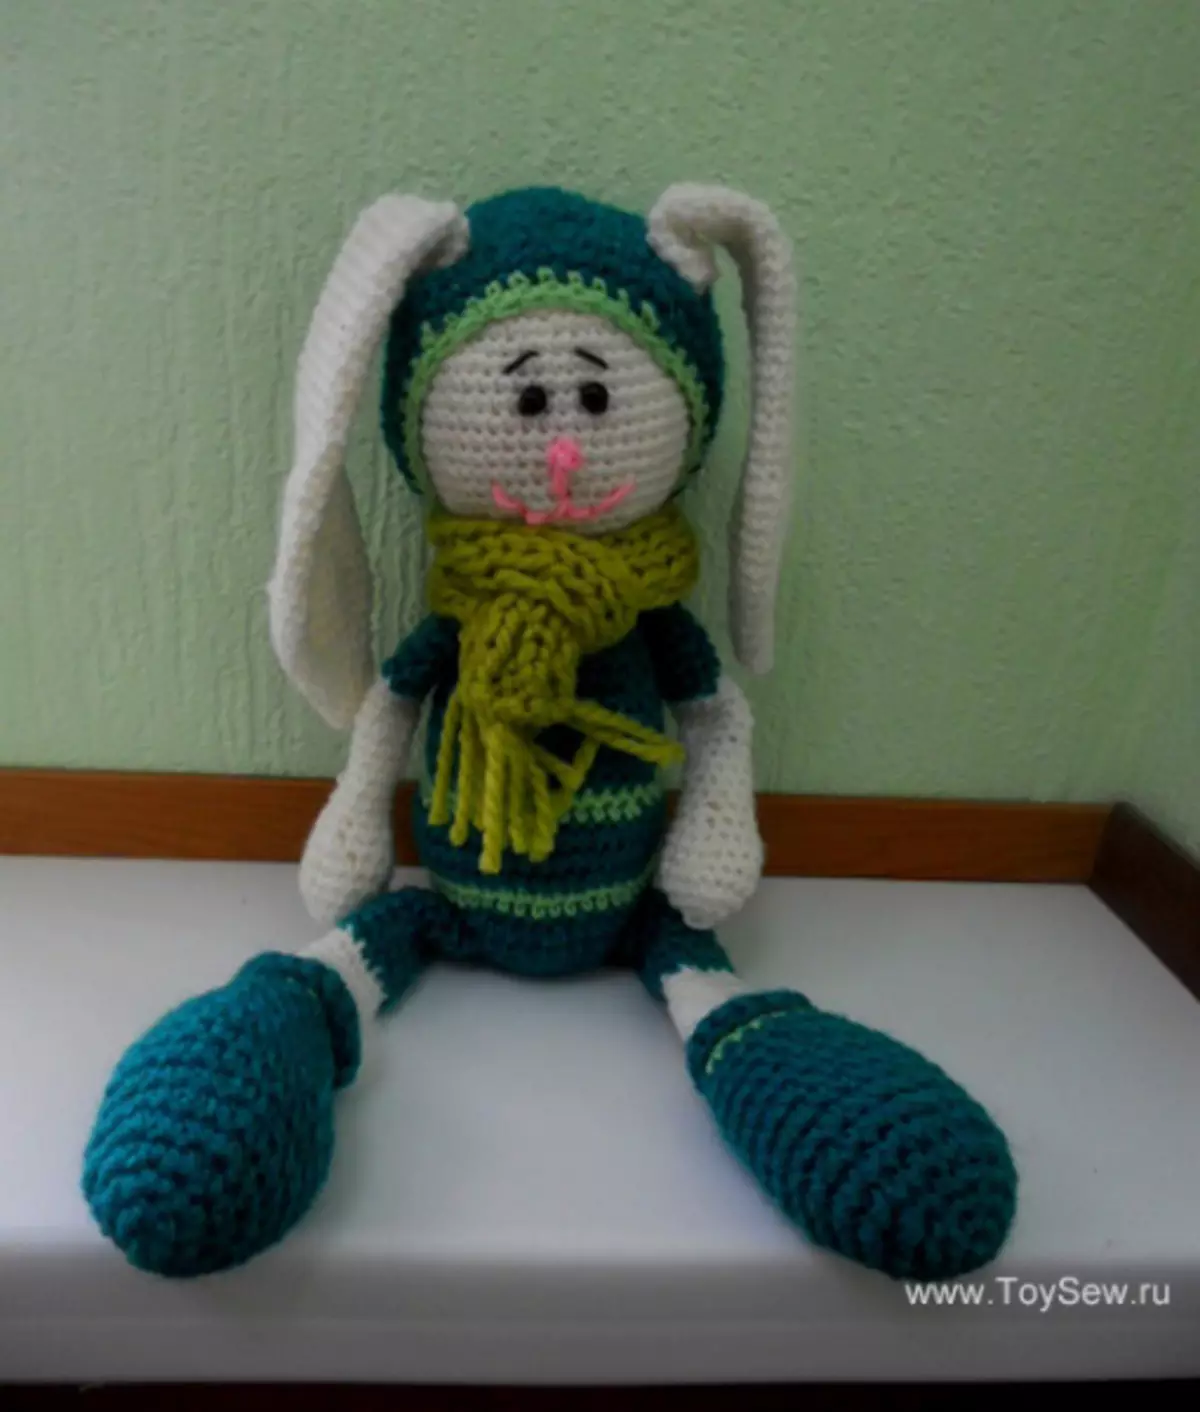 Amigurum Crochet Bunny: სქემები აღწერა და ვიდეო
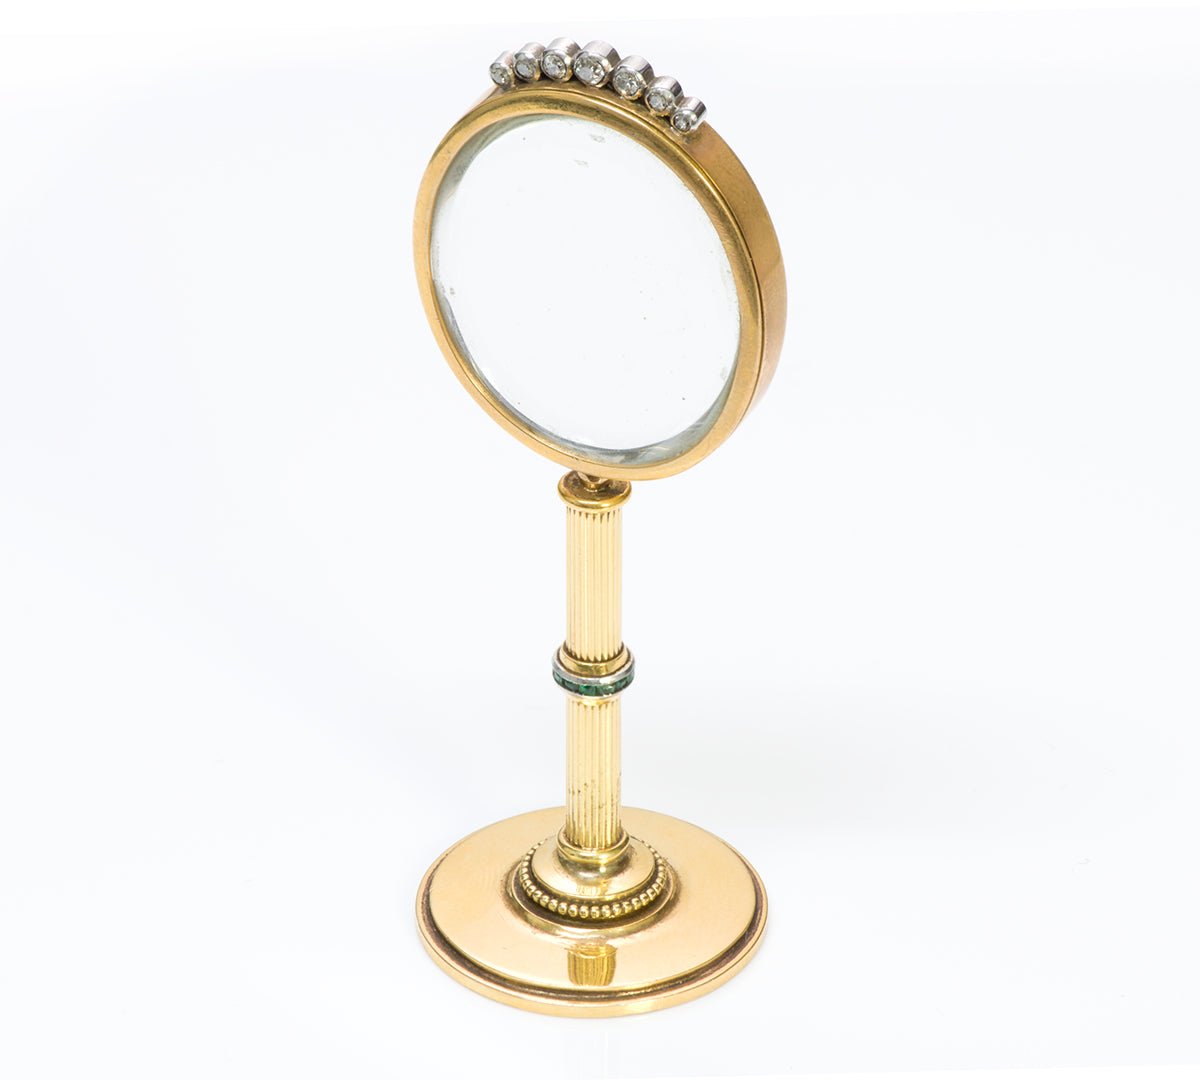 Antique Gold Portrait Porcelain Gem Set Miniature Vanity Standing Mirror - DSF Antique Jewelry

----

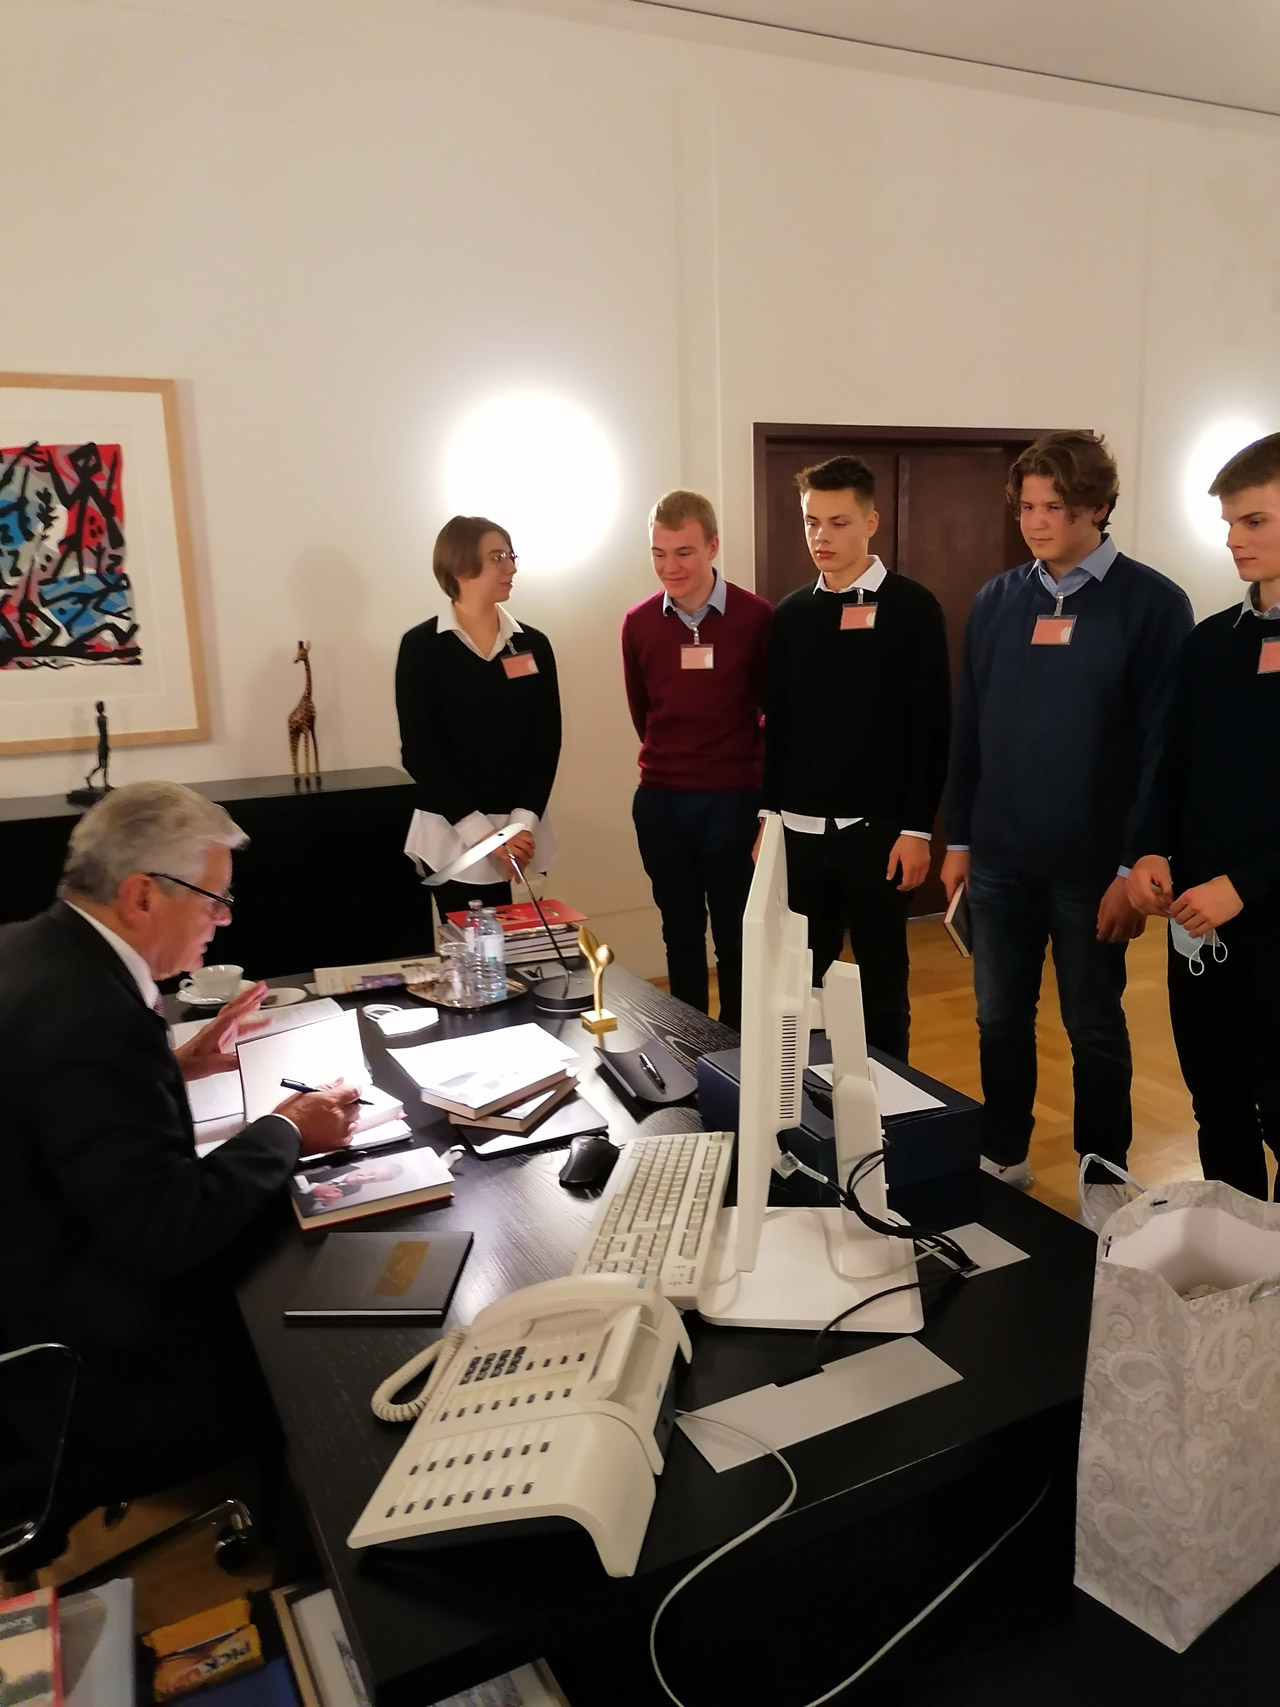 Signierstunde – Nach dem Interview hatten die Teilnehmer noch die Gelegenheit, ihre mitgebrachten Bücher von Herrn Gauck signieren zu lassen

----

> **Try it**
From the records above, copy only the lines running from the line holding "Amigurum Crochet Bunny: სქემები" through the line holding "Antique Gold Portrait", with no pictures.

> **Solution to this problem**
 Amigurum Crochet Bunny: სქემები აღწერა და ვიდეო
 Antique Gold Portrait Porcelain Gem Set Miniature Vanity Standing Mirror - DSF Antique Jewelry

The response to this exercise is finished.